++++ Data excerpt
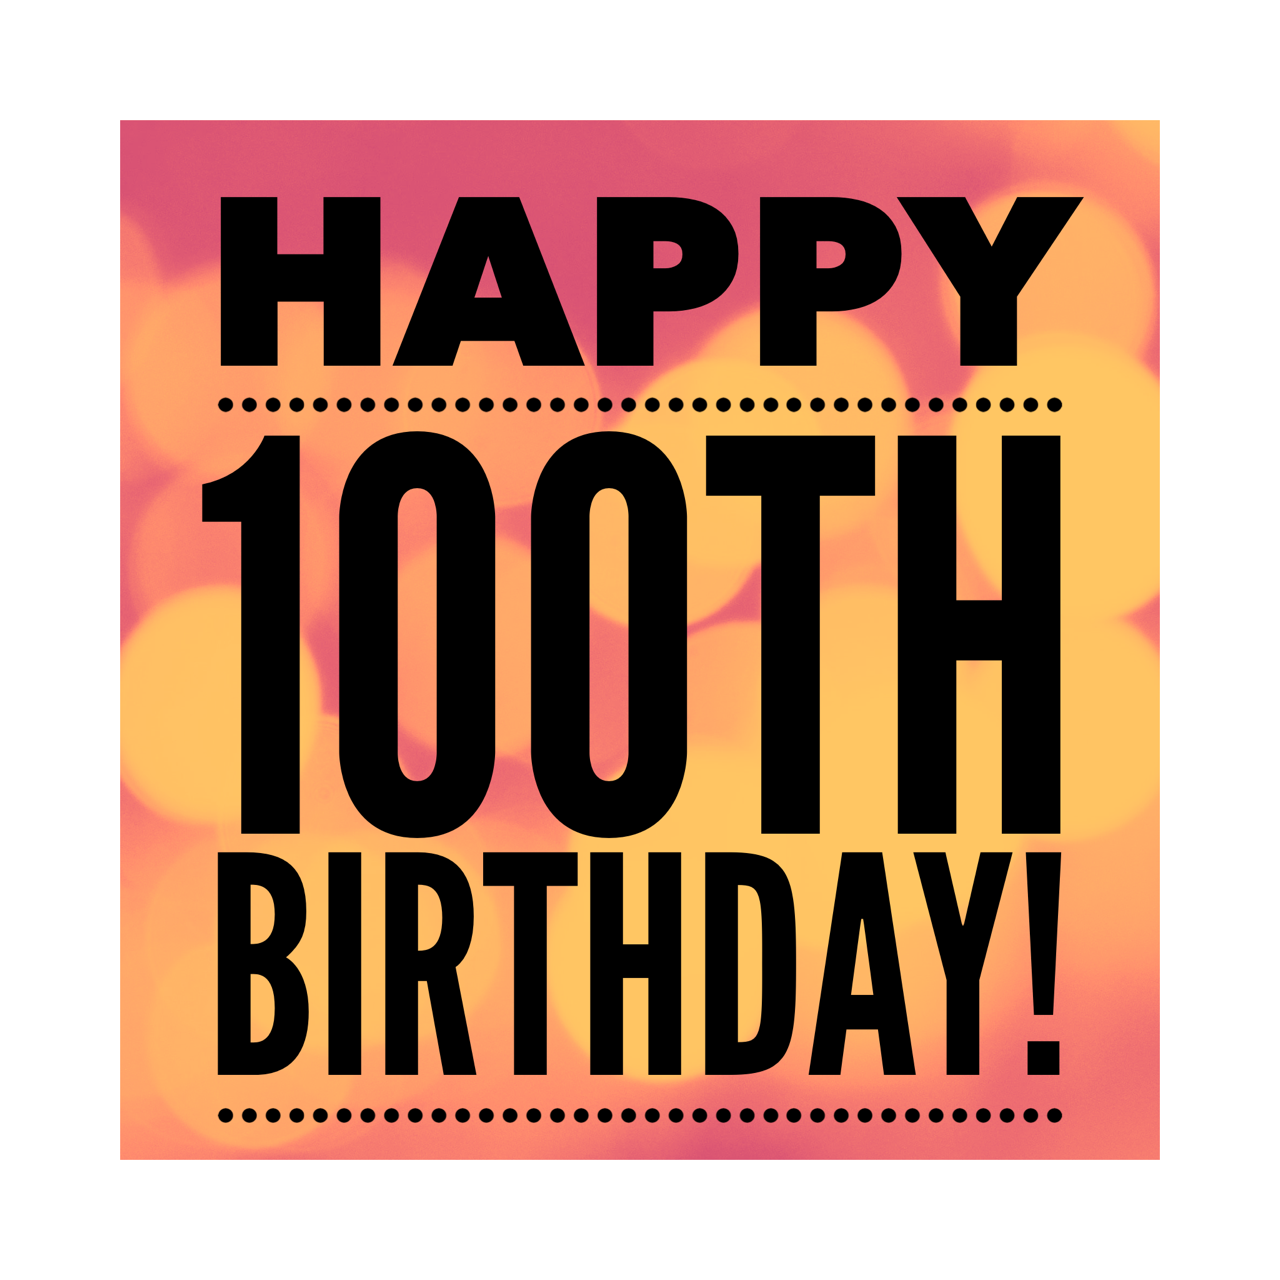 Happy 100th Birthday text
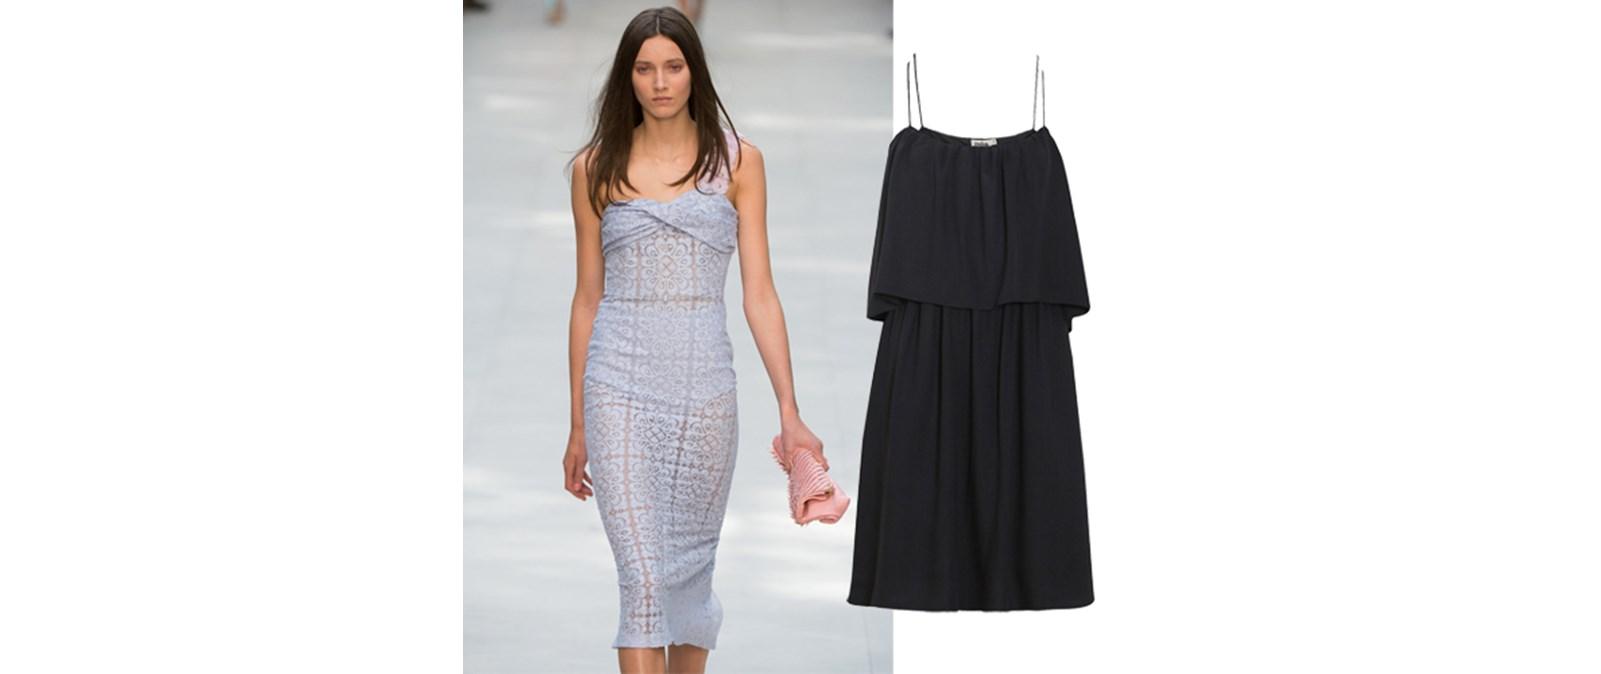 9950abf49b52 Tα 10 φορέματα που θα φοράς όλο το Καλοκαίρι
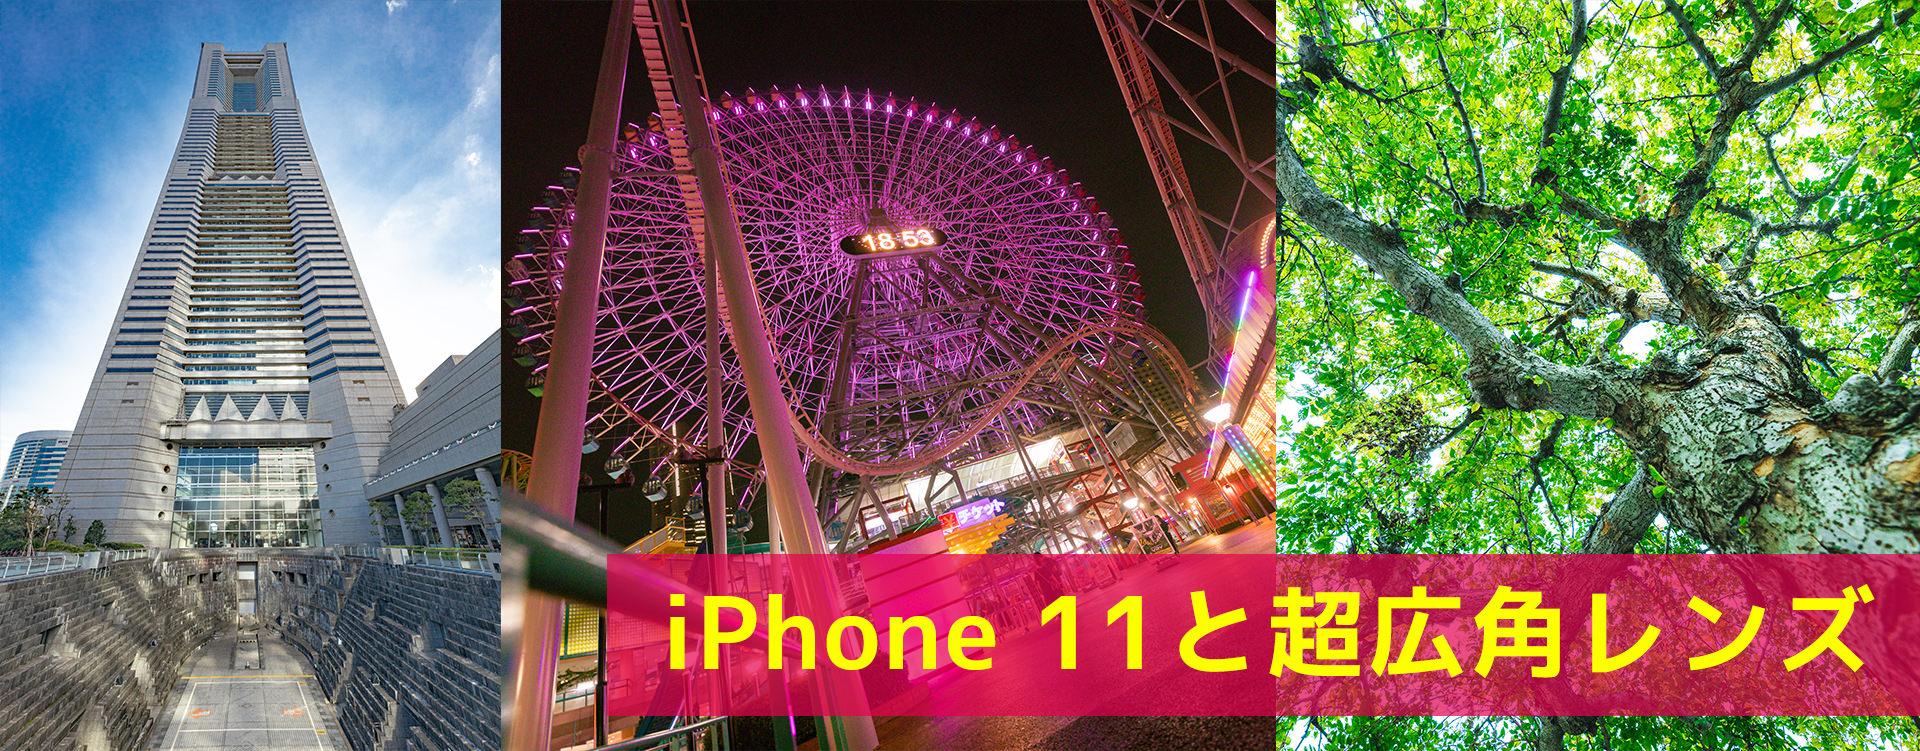 iPhone 11 と超広角レンズの画角とフリー素材
++++++++
_Activity_
Print the material above exactly, skipping its images.

_Task result_
 Happy 100th Birthday text
 9950abf49b52 Tα 10 φορέματα που θα φοράς όλο το Καλοκαίρι
 iPhone 11 と超広角レンズの画角とフリー素材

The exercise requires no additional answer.